Quarter Horses Fastest In The World At Quarter Mile Races

Horse racing is truly the “sport of kings.”

Yet nearly anybody who’s ever ridden a horse has challenged their partner: “Bet my horse can outrun yours.”

And the race is on across the pasture or down the arena rail. There’s always a winner, with bragging rights accompanying, forever never ceasing, and another in second place today.

Certainly, bigtime horse racing is often limited to not necessarily kings and queens, but more affluent.

Still, there’s always an underdog with a dream that does come true. Little funds buy inexpensive horse and wins a bigtime race immediately enhancing fortune changing lives forever.

However, nobody can argue horse racing is a major business generating revenue approaching record levels of all sports.

Getting into racing generally requires major investment, but backyard trainers still have their place generating good lifetime family livelihood.

Interesting to all some facts about the world of horse racing given by an official at the American Quarter Horse Association (AQHA) in Amarillo, Texas.

“The fastest horse in the world is the American Quarter Horse,” stated Janet VanBebber, AQHA chief racing officer.

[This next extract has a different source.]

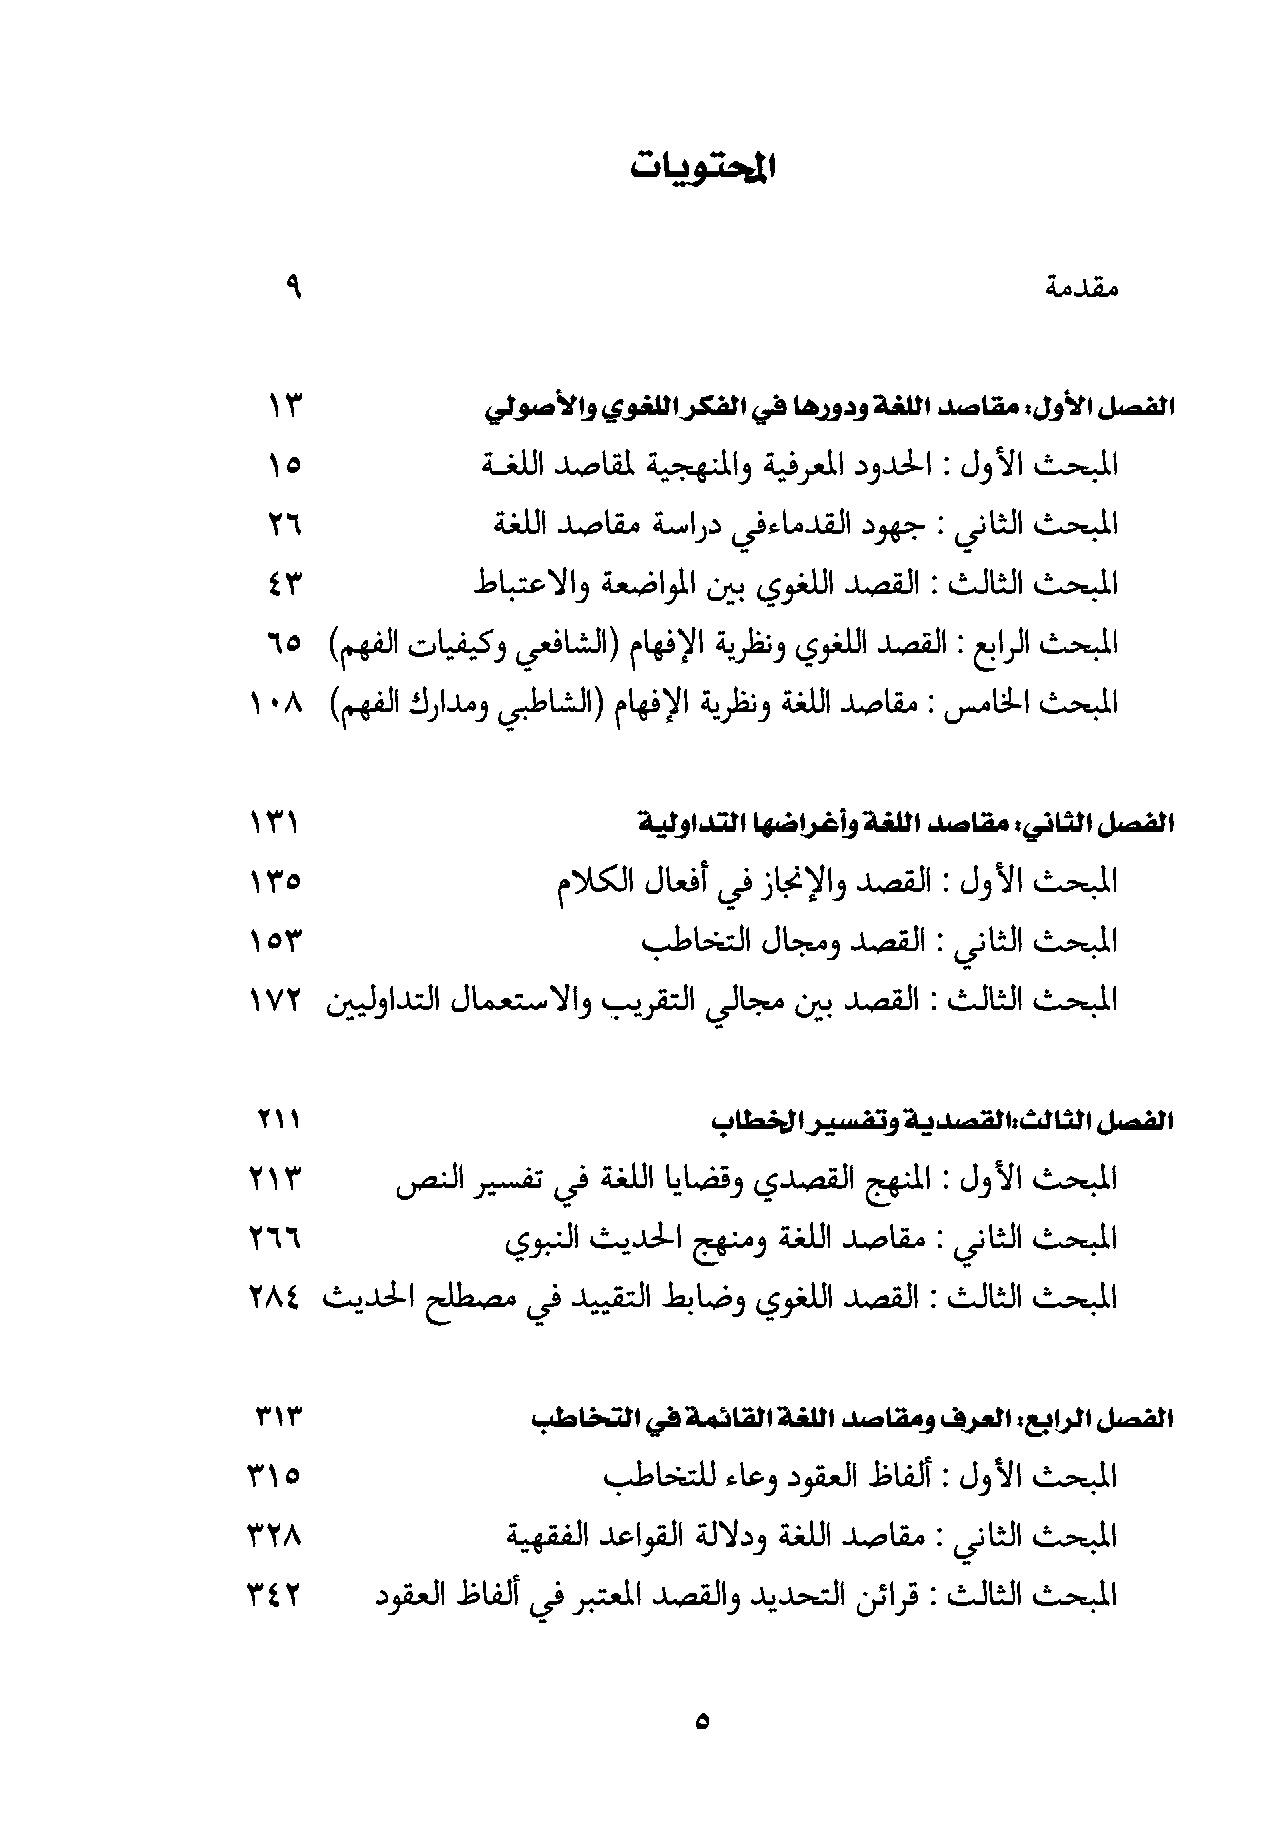 ص 5 محتويات كتاب مقاصد اللغة

“The fastest horse in the world is the American Quarter Horse,” stated Janet VanBebber, chief racing officer for the American Quarter Horse Association in Amarillo, Texas.

“Even then some Thoroughbred horse owners hate to admit it,” VanBebber added smiling.

“That sometimes goes as far as to the point of denying such,” VanBebber continued.

“Yet the Quarter Horse is a specialized sprinter with a quick turn of foot,” she said. “Racing at speeds up to 55 miles per hour, Quarter Horses can cover a quarter-mile in less than 21 seconds. That’s starting from a flat-footed standstill.”

In Quarter Horse racing, the clock begins as soon as the starter pushes the button and the gates open, VanBebber clarified. In comparison, Thoroughbreds are given a running start.

Horse racing has often been considered the “sport of kings.” Yet, nearly everybody enjoys the thrill of horseracing, making it one of richest sports in the world.

Although Thoroughbreds break from the gate like Quarter Horses, their timer doesn’t begin until they’re several strides from the gate.

“Quarter Horses are specialized sprinters, perhaps defined best as dragsters of the horse racing world,” VanBebber grinned.

 Quarter Horse races are typically between 220 and 770 yards. “The classic distance is 440 yards, a quarter of a mile, which is where the horse originally drew its name,” VanBebber said.

Originating in Europe, Thoroughbreds, taller, thinner horses, run distance races, between six furlongs (three-quarters of a mile) and two miles.

“Obvious to most Quarter Horse owners, the most famous American Quarter Horse races are the All American Futurity and Derby,” VanBebber verified.

Both with purses of more than $2 million are run at Ruidoso Downs in New Mexico.

For Thoroughbreds, the most famous race is the Kentucky Derby, held at Churchill Downs in Kentucky.

Most horse people have heard common racetrack terms, but few really know what they mean, VanBebber said.

A horse of any sex that has never won a race is a maiden, she defined.

Additional notable racing definitions include:

Claiming: The blue-collar level of racing. All the horses in a claiming race are for sale, and licensed people can purchase them through the racing office.

Handicap: Horses are given different weights to carry based on ability. A horse that has a better race record is given a handicap (more weight) to even the playing field.

Allowance: Traditionally for horses beyond claiming ranks. These races give a specific criteria the horse must meet to be able to race, such as “3-year-olds and upward, which have never won two races.”

Stakes: A race for the best of the best. These high-prestige races have large purses attached to them.

“A Futurity is a  stakes race for two-year-olds only,” while a Derby is a stakes race for three-year-olds only,” VanBebber said.

The speed index calculates the average speed of the three fastest horses over three years at a given distance at a given trace, according to VanBebber.

“It is a tool used only in Quarter Horse racing to compare horses in a race,” she added.

Most racehorses live on the backside, or barns located near the track. “They train in the mornings to get in shape for the races,” VanBebber said.

Sometimes, the horses are just jogged or galloped around the track. Other times, though, they are “sent to work,” in other words exercised at racing speed for a certain distance.

Before racing, a Quarter Horses must be registered. “Each racehorse is given a permanent tattoo on the inside of its upper lip before the horse’s first race,” VanBebber said.

Before each race, the number on the lip is checked with the official record to be sure the correct horse is entered in the race.

After they are saddled and ready, the jockeys mount up, and the horses are led onto the track. They parade before the stands to warm up, then to the post, the starting gate. Race begins at post time, with winner accolades including photos and prizes money.

“Don’t ever miss an opportunity to go to the races,” VanBebber encouraged.